The person will be replaced with the slot value which is John in this case.

Alternately, you can also use custom actions to do the same.

Yes, that is exactly what I did. But the problem is for many names, the bot doesn’t identify them as “names” in the slot. So the bot answers : Nice to meet you “None”. Instead of: Nice to meet you “the name”. I don’t know how to force the bot to repeat the [name], be it strange or uncommon.

If the bot is returning None, it means the nlu was unable to extract the Name. You can check the logs and see if the entity was identified and if the slot was filled. Names are sometimes difficult to identify because there can be millions of possibilities. In this case, provide the nlu with more examples or you can use a lookup table.

Yes, I will will try out as you suggest. But wouldn’t it be possible to force the bot to accept any data between the brackets as a name to repeat? So if I say: my name is umbrella, I would like the bot to answer: Nice to meet you “umbrella”, instead of nice to meet you “None”. Even if umbrella is not a given name. Why is it so difficult to get that result? Did I miss something?
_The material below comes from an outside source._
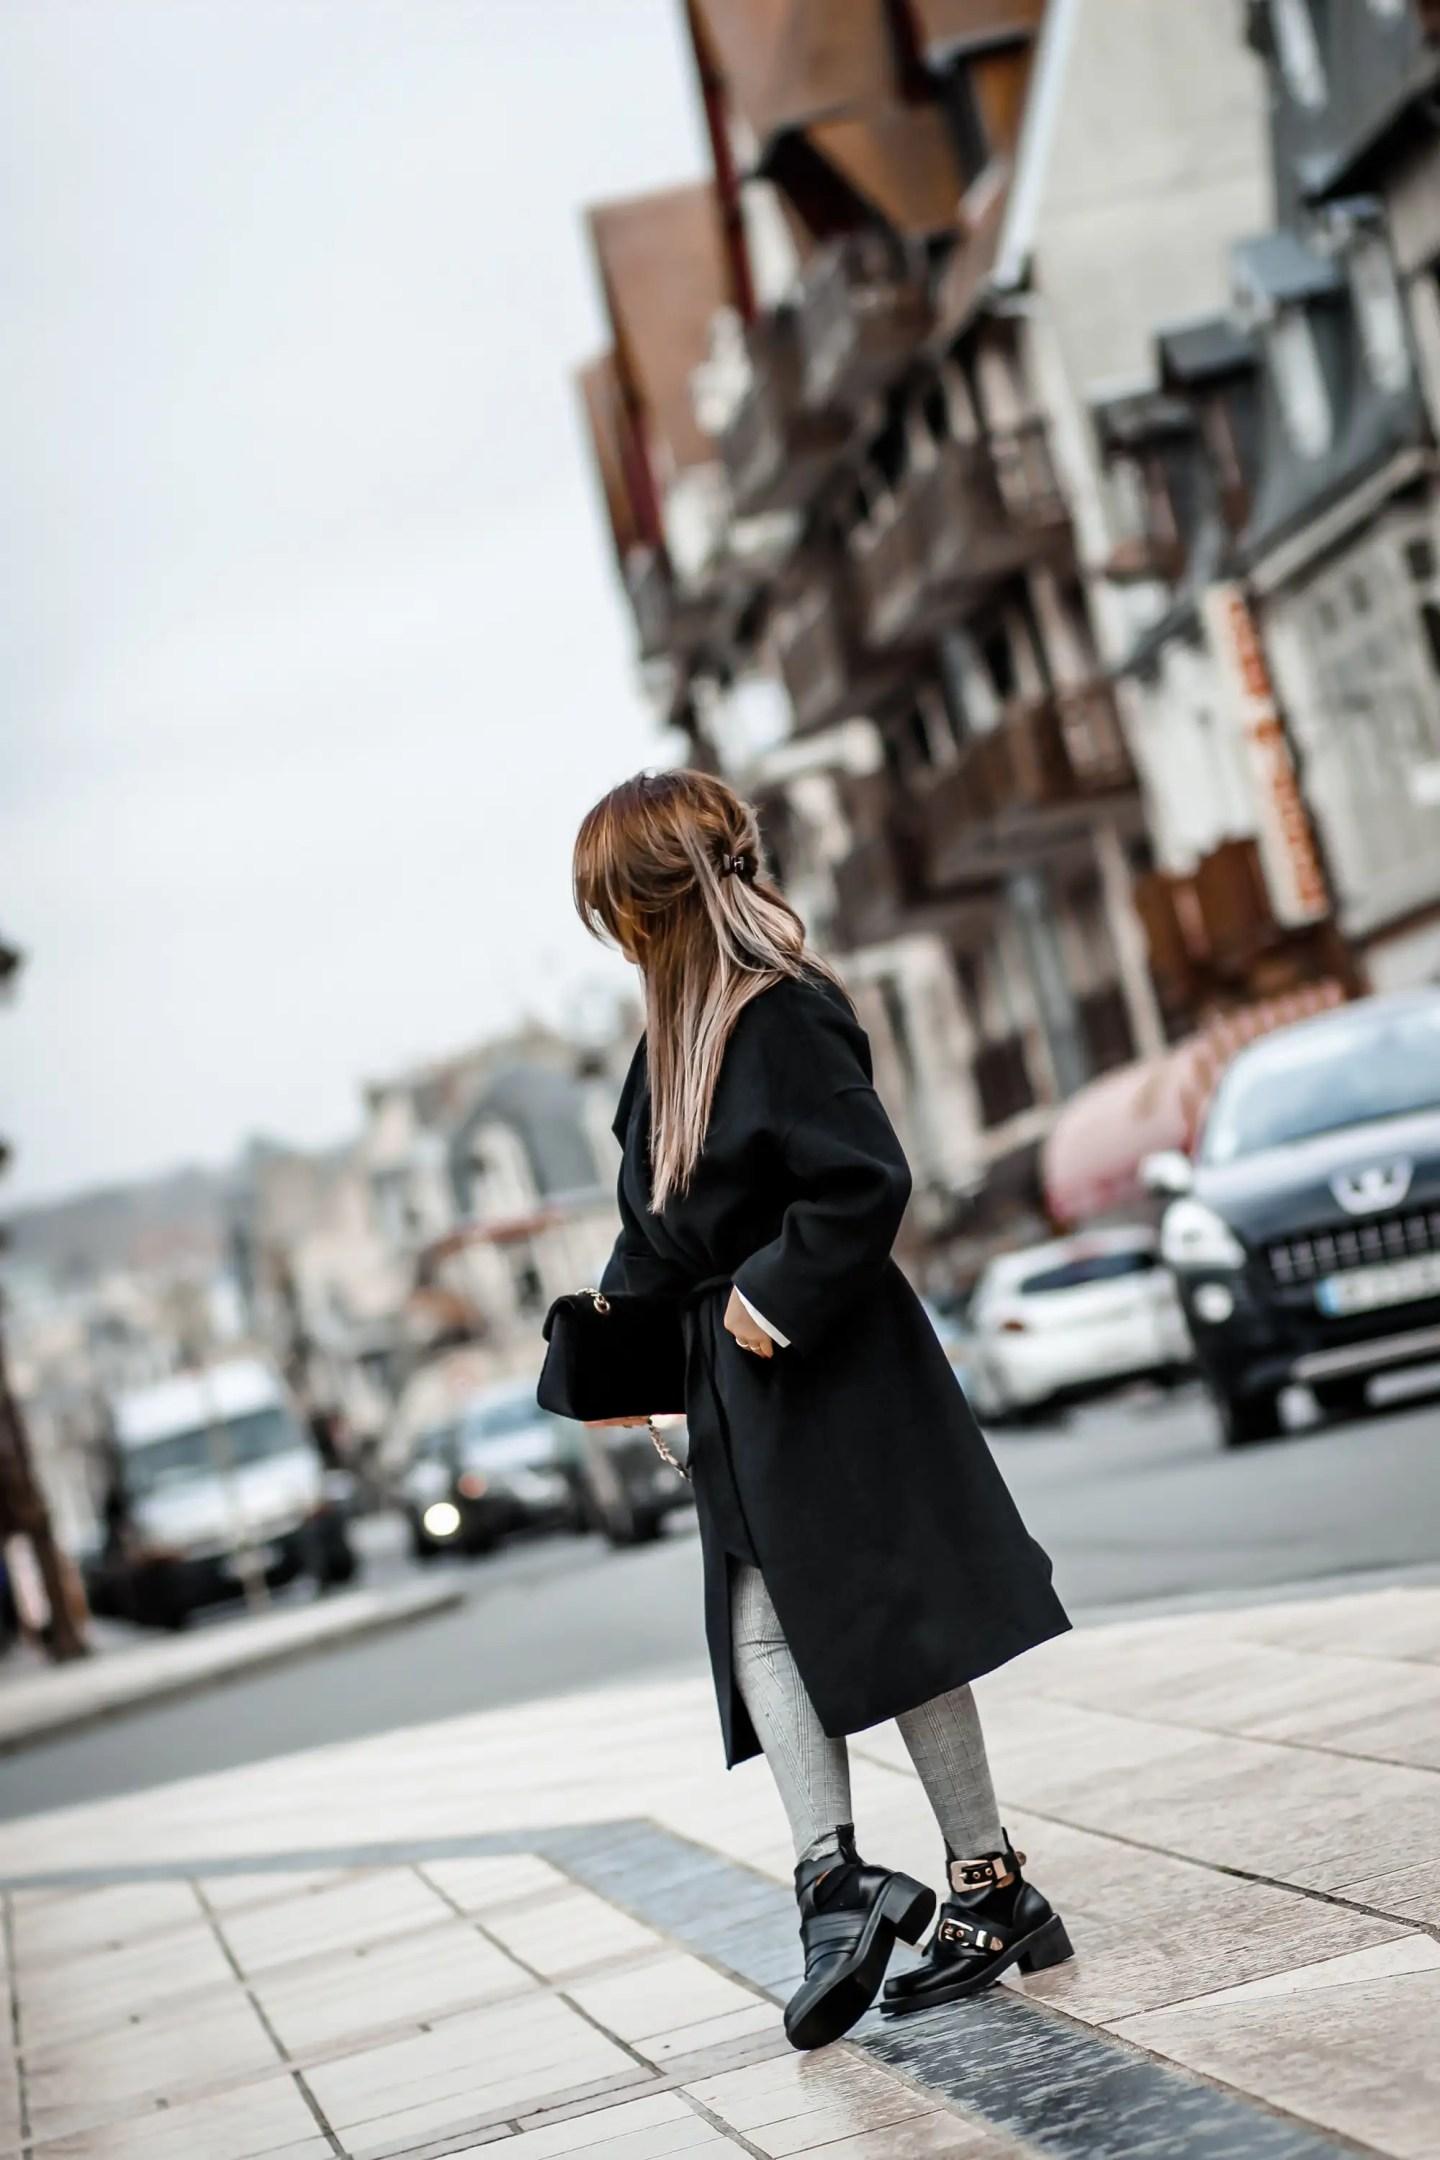 blogueuse mode, the green ananas, blog mode, blog, zara, manteau peignoir, pantalon prince de galles, inspi gucci, chemise blanche femme, manteau noir femme, manteau loose, boots balanciaga, le manteau peignoir

Actually, if the sentences are similar in structure like My name is xxxxxx then the bot will pick it up even if it’s not a PERSON entity because there is no way the algorithm would know that it isn’t a human name. Maybe this has something to do with the spacy’s PERSON entity.

Try using your own ner_crf instead of PERSON and see what happens, I’m guessing it should work.

Does a ‘name’ have to occur at least once in the training data for CRF to be able to recognize it?